Став нашим национальным архетипом, Достоевский - именно в силу этого - мыслит архетипами мировыми: текст принадлежит всем. Но может быть, он, этот текст (как и вся русская классика XIX века), и есть та национальная идея?

Россия - идефикс Достоевского. Поэтому он хотел бы вместить в пределы русского духа весь мировой исторический смысл.

- Кажется, Вы начинали свои занятия Достоевским с «Дневника писателя», который до Вас никем не изучался?

- «Дневник писателя» занимает особое место в творчестве Достоевского и в истории русской литературы и журналистики.

Задуманный как своего рода хроника текущих событий и написанный «одним пером», он стал единственным в тогдашней России моножурналом - автором, издателем и редактором которого являлся один человек (термин «означенное периодическое сочинение», как затейливо выразился Николай I в разрешении на издание пушкинского «Современника», приложим скорее к позднему детищу Достоевского).

Возникнув в качестве авторской рубрики в журнале «Гражданин» (1873), «Дневник писателя» трансформировался в самостоятельное ежемесячное издание (1876-77).

Его тираж колебался от четырёх до шести тысяч экземпляров - это сопоставимо с тиражами крупнейших современных ему отечественных изданий.

Именно «Дневник писателя» сделал его автора одним из духовных лидеров нации.

Ни один из романов Достоевского не вызывал такого видимого общественного резонанса.

Внешне «нехудожественный» (за исключением нескольких вошедших в него беллетристических произведений), «сиюминутный», «Дневник» обрёл почти мгновенную популярность.

- Почему так получилось?

- Во-первых, сыграла роль сама личность писателя, «вдруг» нашедшего свободную нишу в современном ему медийном пространстве (вряд ли кто-либо другой мог бы эту нишу заполнить).

А во-вторых - назрела потребность появления такого рода издания, которое своим неповторимым индивидуальным характером отличалось бы от всего репертуара российской печати.

Попытка говорить с аудиторией «поверх барьеров», от первого лица, под видом «дневниковости» обсуждать волнующие общество проблемы - всё это принесло неожиданный издательский успех.



Титульный лист «Дневника писателя» за 1876 г.
Выход «Дневника» совпал с историческим переломом, с событиями на Балканах, с подъёмом национального духа и Восточной войной. (И вскоре Россия окажется, по словам Достоевского, «на какой-то окончательной точке, колеблясь над бездной».) Зазвучавший на всю страну одинокий писательский голос привлёк немало сердец.
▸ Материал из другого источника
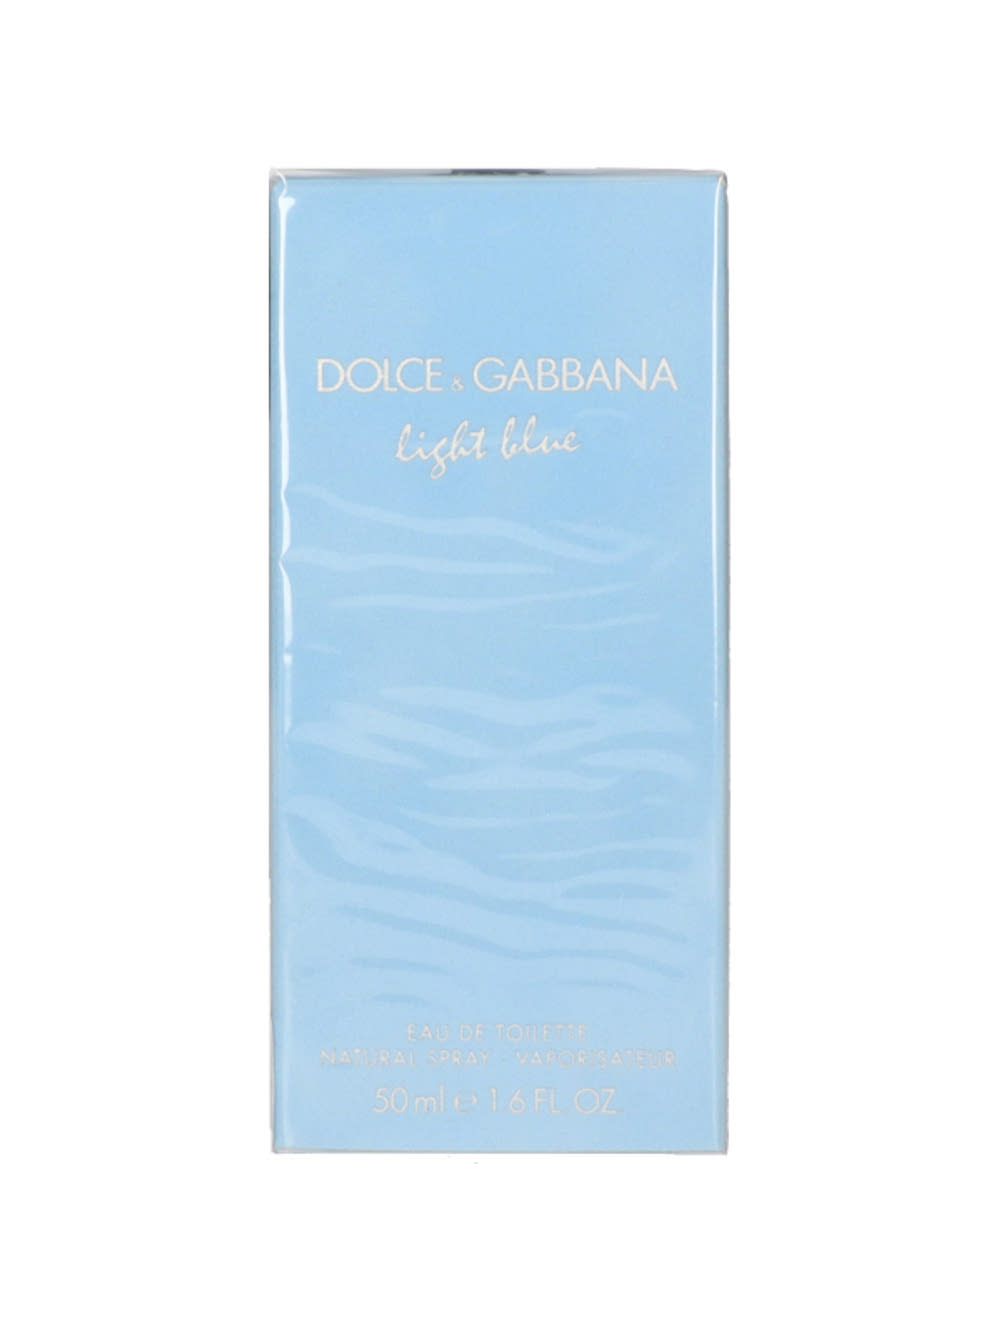 Dolce & Gabbana Light Blue noi Eau de Toilette - 50 ml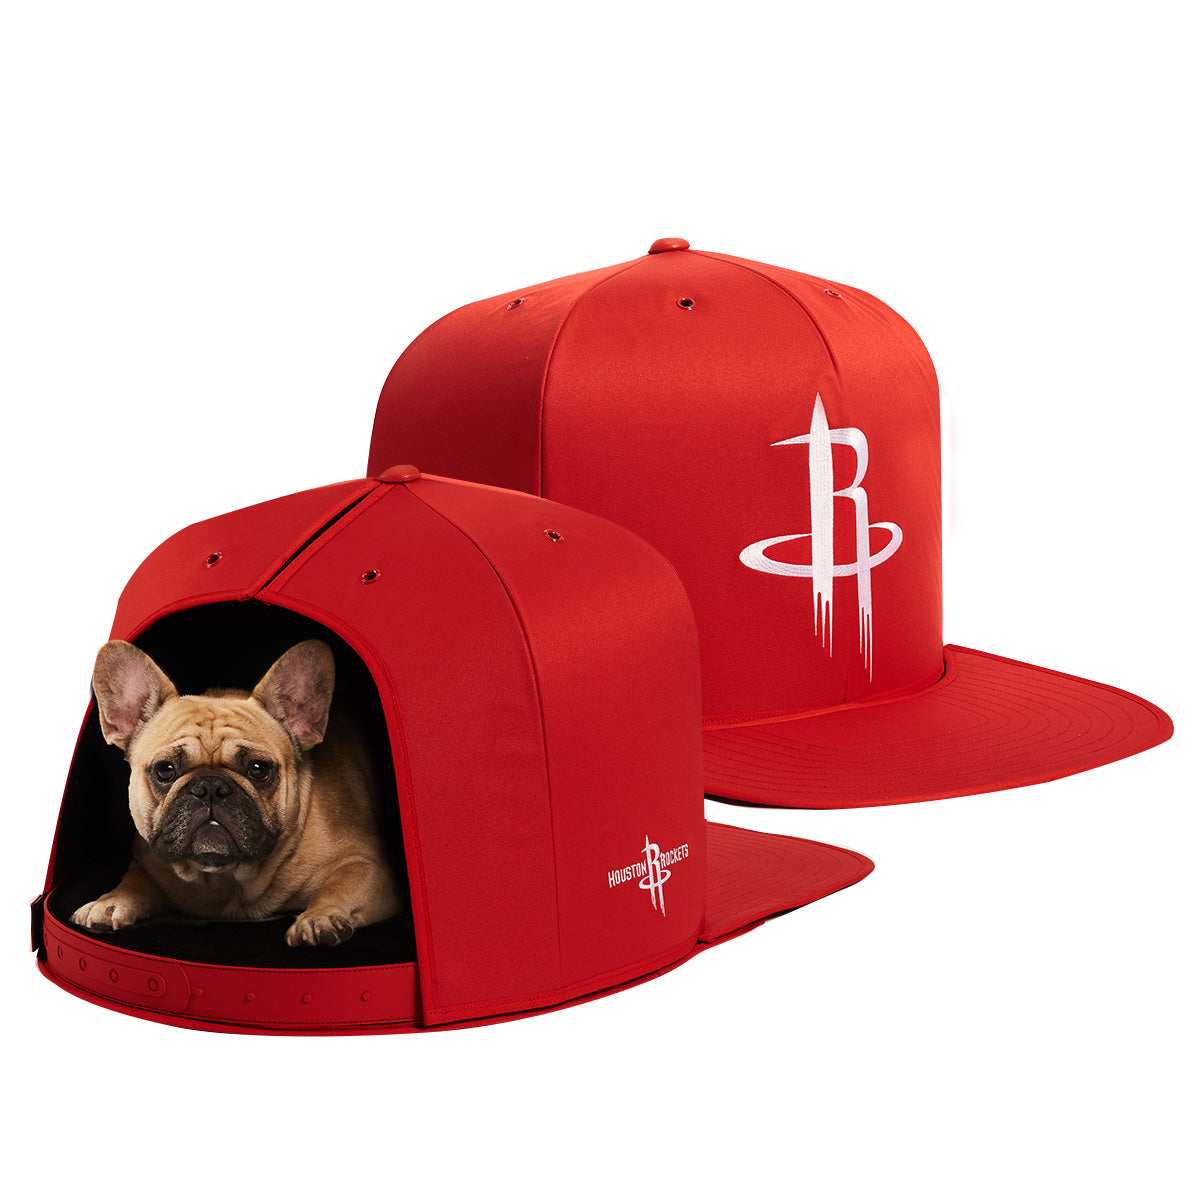 Nap Cap - NBA - Houston Rockets - Pet Bed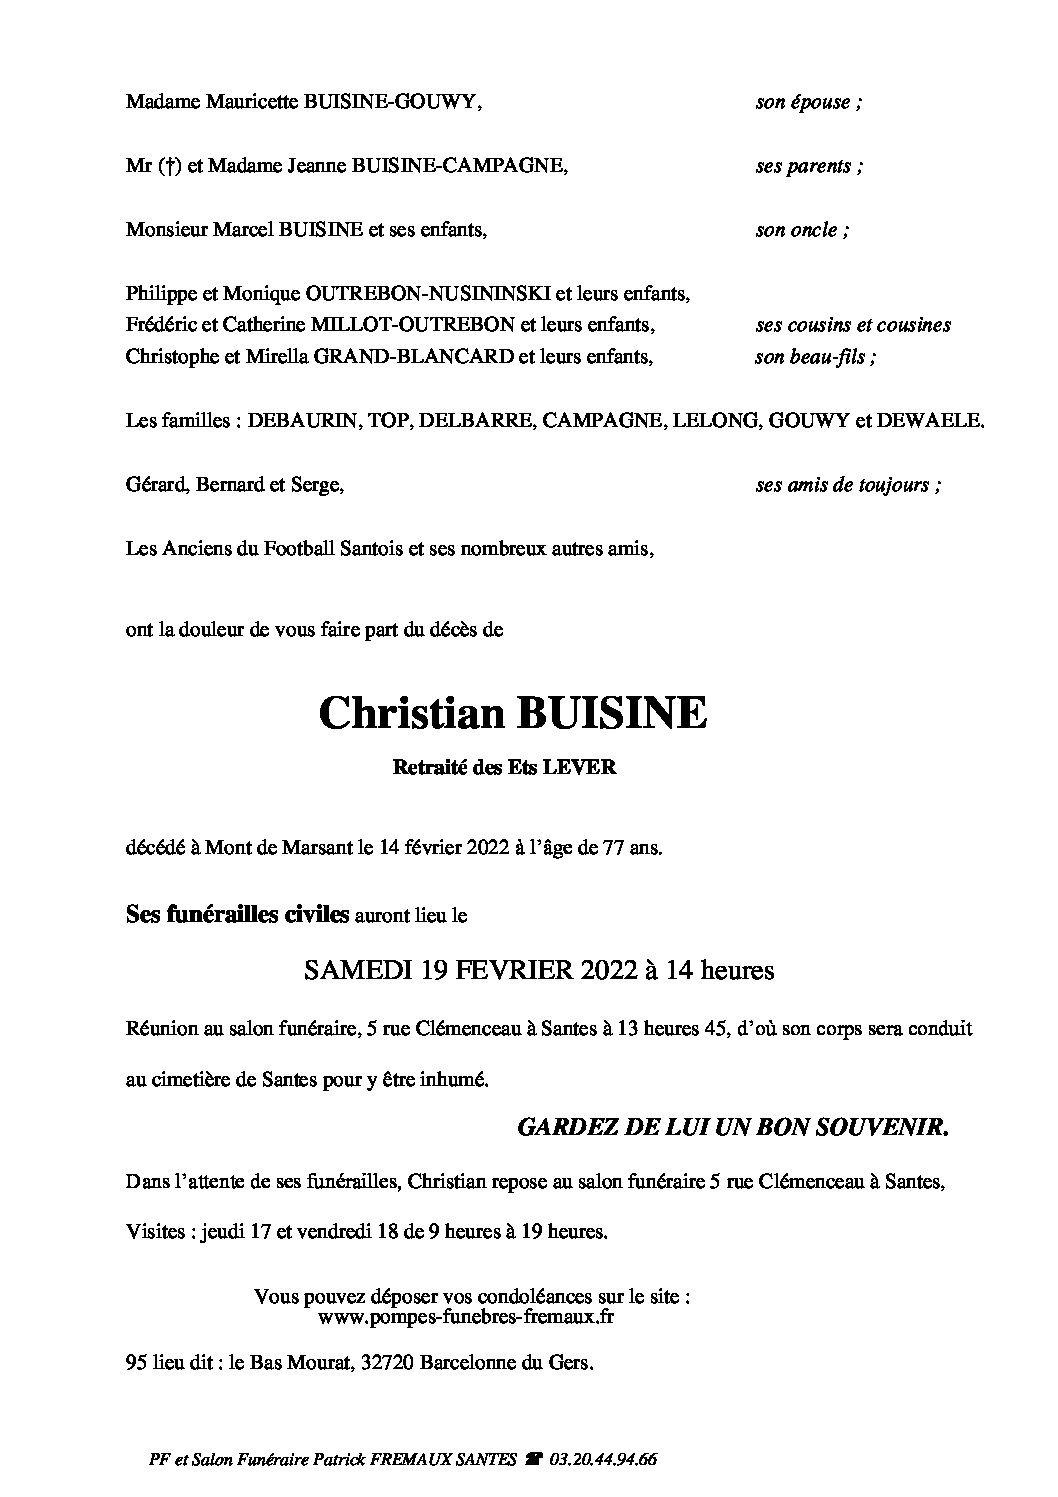 Monsieur Christian BUISINE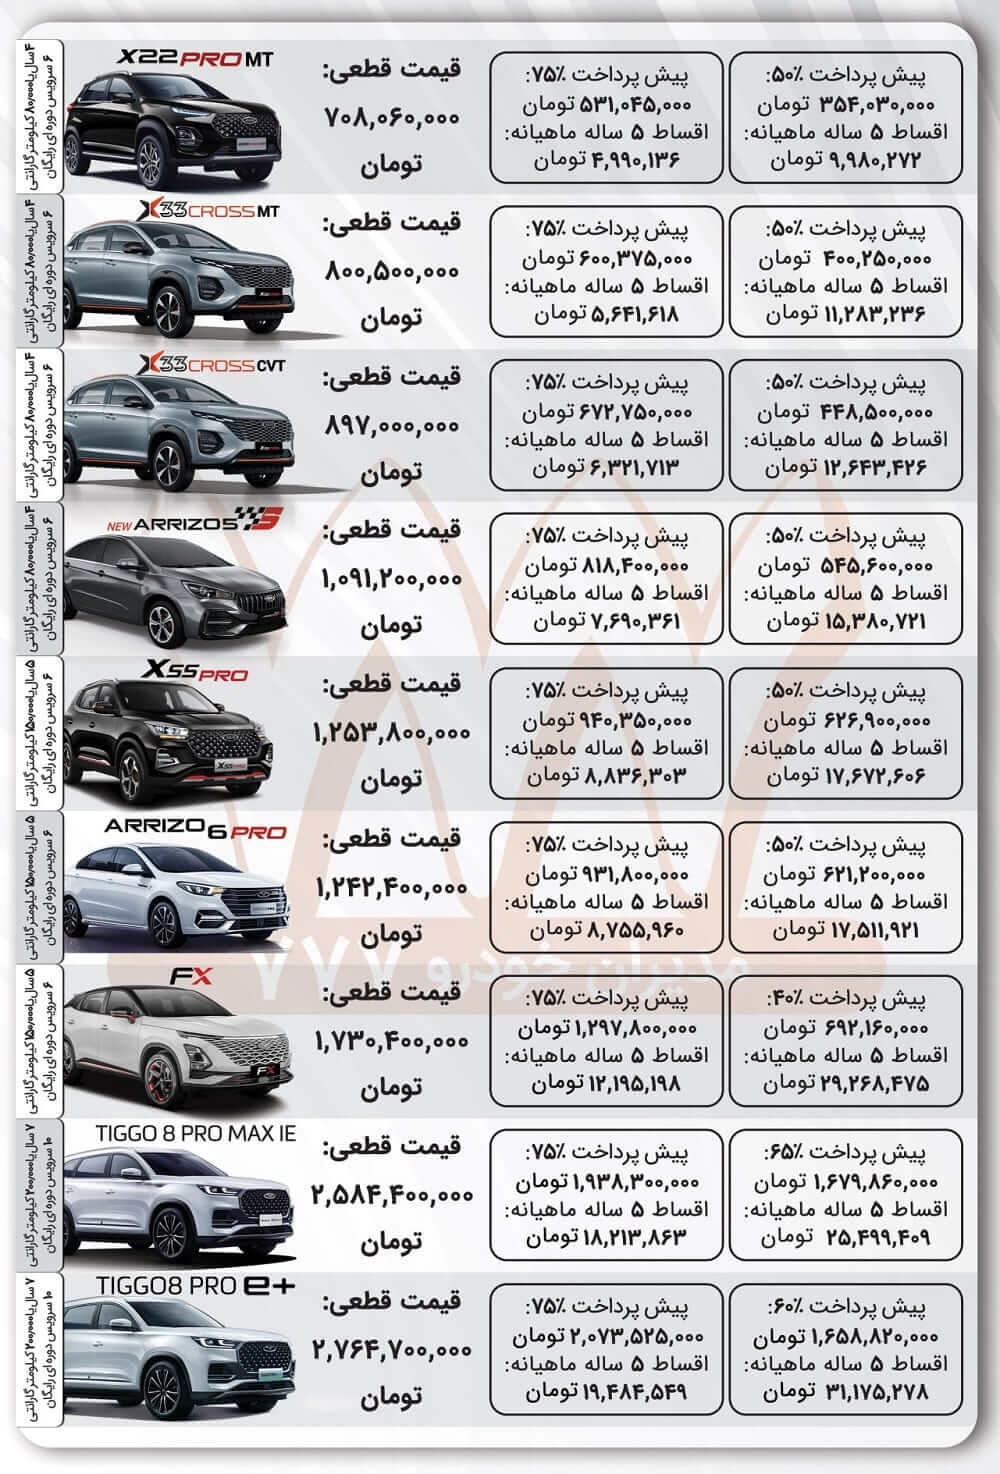 فروش اقساطی مدیران خودرو با تیگو 8، آریزو 5، X55 پرو با اقساط 5 ساله ویژه دی ماه 1402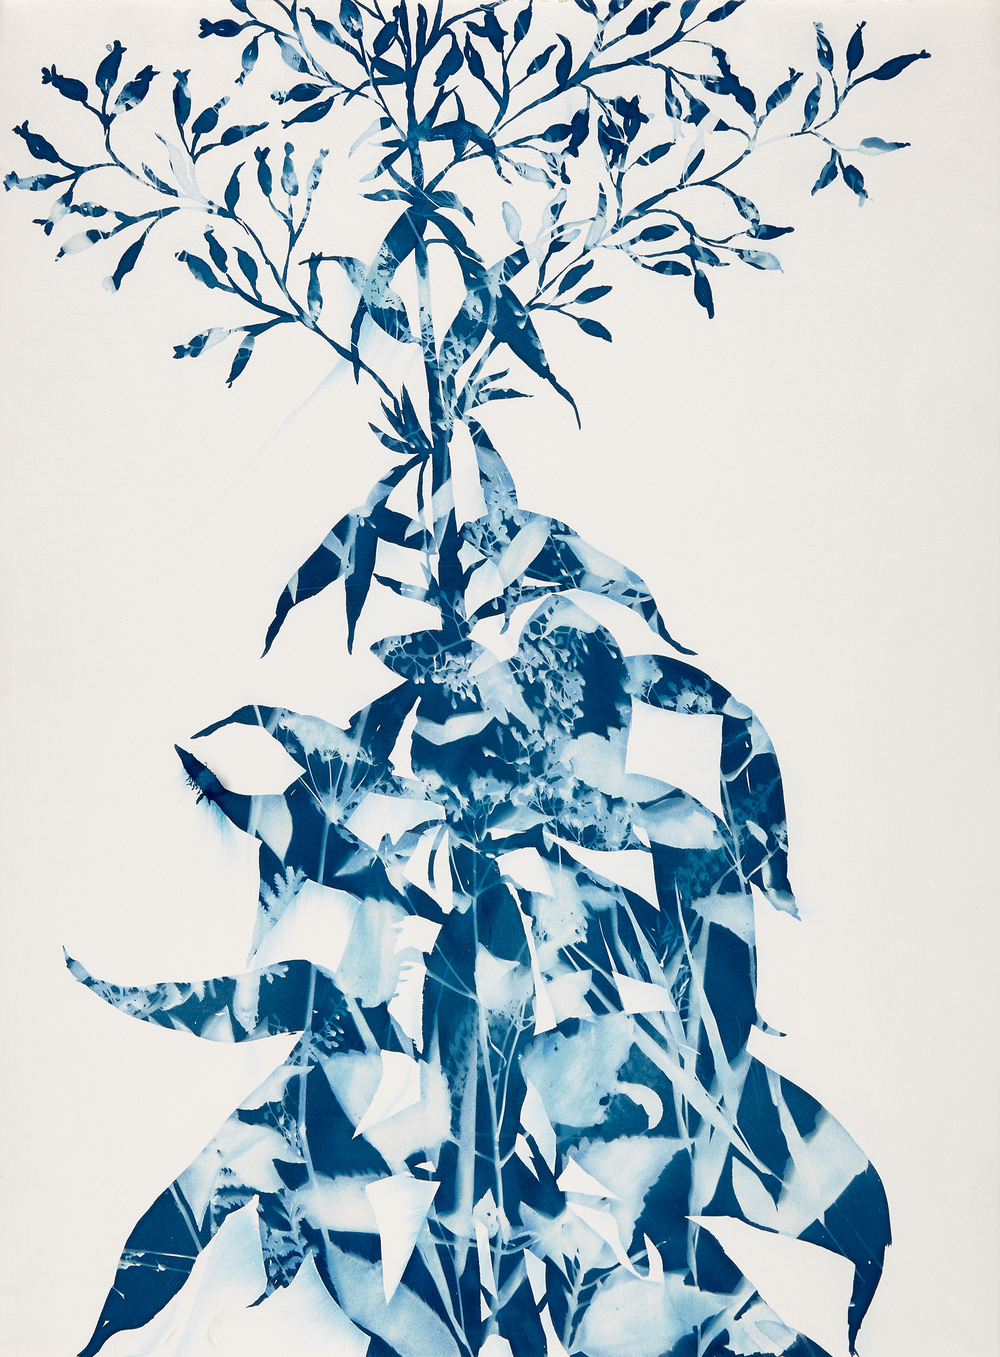 Cynthia MacCollum Botanica cyanotype

Был создан прецедент обратной связи (в «Дневнике писателя» иногда видят далёкий прообраз Интернета).

Поток писем, хлынувший в адрес автора-издателя (а мне довелось многие из этих писем, хранившихся в архивах, обнародовать впервые), отразил практически весь спектр российского образованного общества.

Достоевскому писали студенты и священники, учителя и чиновники, идеалисты и циники, правдолюбцы и потенциальные самоубийцы. Конечно, эта эпистолярия не сравнима с той колоссальной по объёму корреспонденцией, которая стекалась в начале XX в. в Ясную Поляну. Но начало прямому диалогу автор - читатель было положено.

Ни один из романов Достоевского не вызвал такого ощутимого общественного резонанса, такого живого и непосредственного читательского отклика.

Только после того, как автор «Преступления и наказания» поставил себя в прямые отношения с читающей Россией, только после того, как он заговорил с ней от первого лица и попытался разрушить вечную преграду, отделяющую писателя от читателя, - только тогда, неожиданно для себя самого, он оказался в фокусе жгучего общественного интереса.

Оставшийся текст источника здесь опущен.